We also explore the methods’ performance under various simulation scenarios and summarize the results in Table 1. The table shows averaged ABDs across simulation replicates, with each standard error, at exhaustive combinations of subject-specific variations (SSV=0-5%, 5%-10%, 10%-20%), effect sizes (LFC = 0.5, 1, 1.25), and sample sizes (N=25, 50, 100). Bold fonts highlight the algorithm with the most amount of bias reduction for each scenario. imply and imply-s consistently demonstrate exceptional performance in reducing deconvolution bias across all scenarios.

Table 1 Benchmarking imply across various simulation scenarios. The table shows Absolute Bias Difference (ABD) at various subject-specific variations (SSV), effect sizes (LFC), and sample sizes (N). ABD values are shown, along with their standard error in parentheses. A lower value indicates better deconvolution estimation improvement. The bold font indicates the best method in each scenario
Fig. 3
figure 3

Cell-type resolution improvements in proportions estimated by imply. A Boxplots showing ABD (upper panel) and \(\Delta \rho _{\textrm{C}}\) (lower panel), for cell types 1 to 6. B Heatmap showing the deconvolution improvement using the rABD metric, aggregated by cell types (top row) and sample sizes (right column), for various effect sizes (bottom row)

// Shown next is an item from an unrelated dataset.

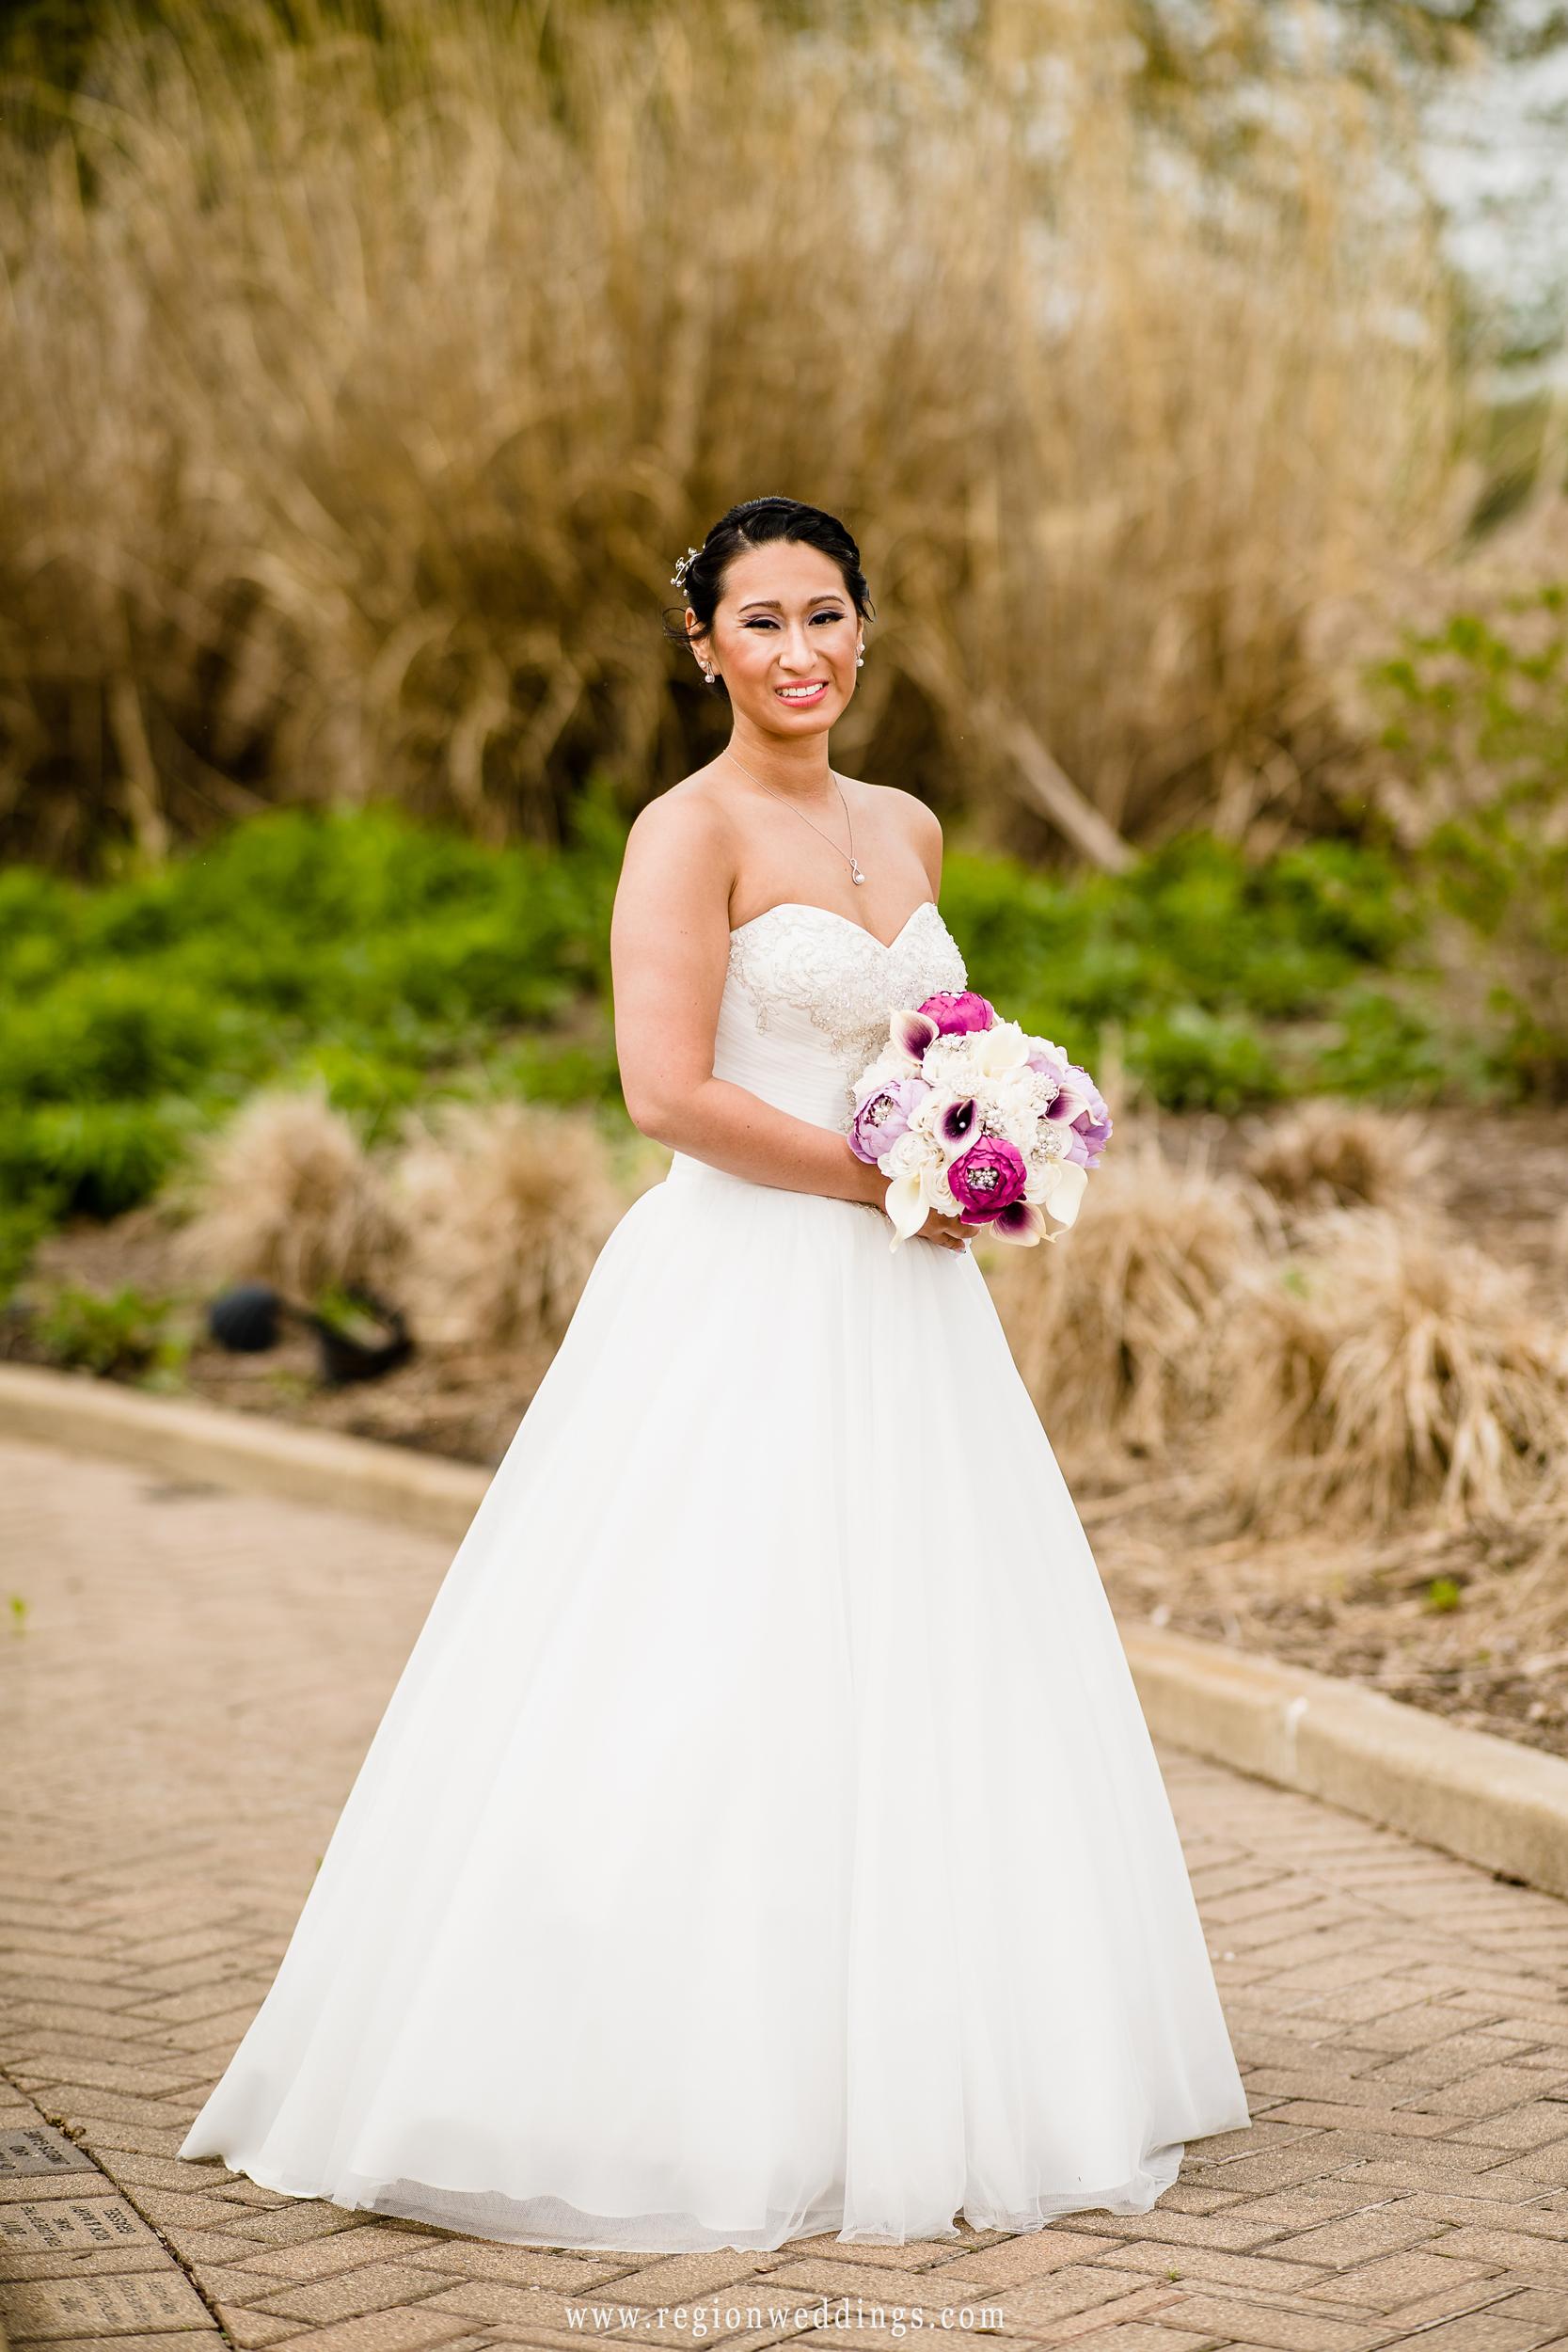 Portrait of the bride in the Sand Creek garden.

Benchmarking at cell-type resolution

We next investigate the deconvolution accuracy at each cell type. Figure 3A shows the ABD and \(\Delta \rho _{\textrm{C}}\) outcomes of 30 replicates of each cell type under the condition of the SSV range of 0-5%, the sample size of 75, and the effect size of 0.5. Across all cell types, we can see a discernible reduction in bias when personalized reference panels are adopted. imply and imply-s consistently stand out, yielding a significant enhancement in concordance within each cell type compared to other models. The heatmap in Fig. 3B shows the average rABD at various combinations of sample sizes and effect sizes, separated by cell types. At large effect sizes, improvements in cell deconvolution accuracies facilitated by imply are notably more profound. However, rABD exhibits limited alterations to variations in sample sizes. The simulation results also suggest a connection between bias reduction and cell type abundances; specifically, deconvolution accuracies for more abundant cells are highly sensitive to LFC changes (see the Additional file 1: Simulation Results for additional details). In contrast, for minor cell types, the small amount of contribution makes deconvolution an even more challenging task, where the sequencing noise could easily dominate underlying biological variations. The Additional file 1: Fig. S31 contains additional simulation results specifically addressing minor cell types.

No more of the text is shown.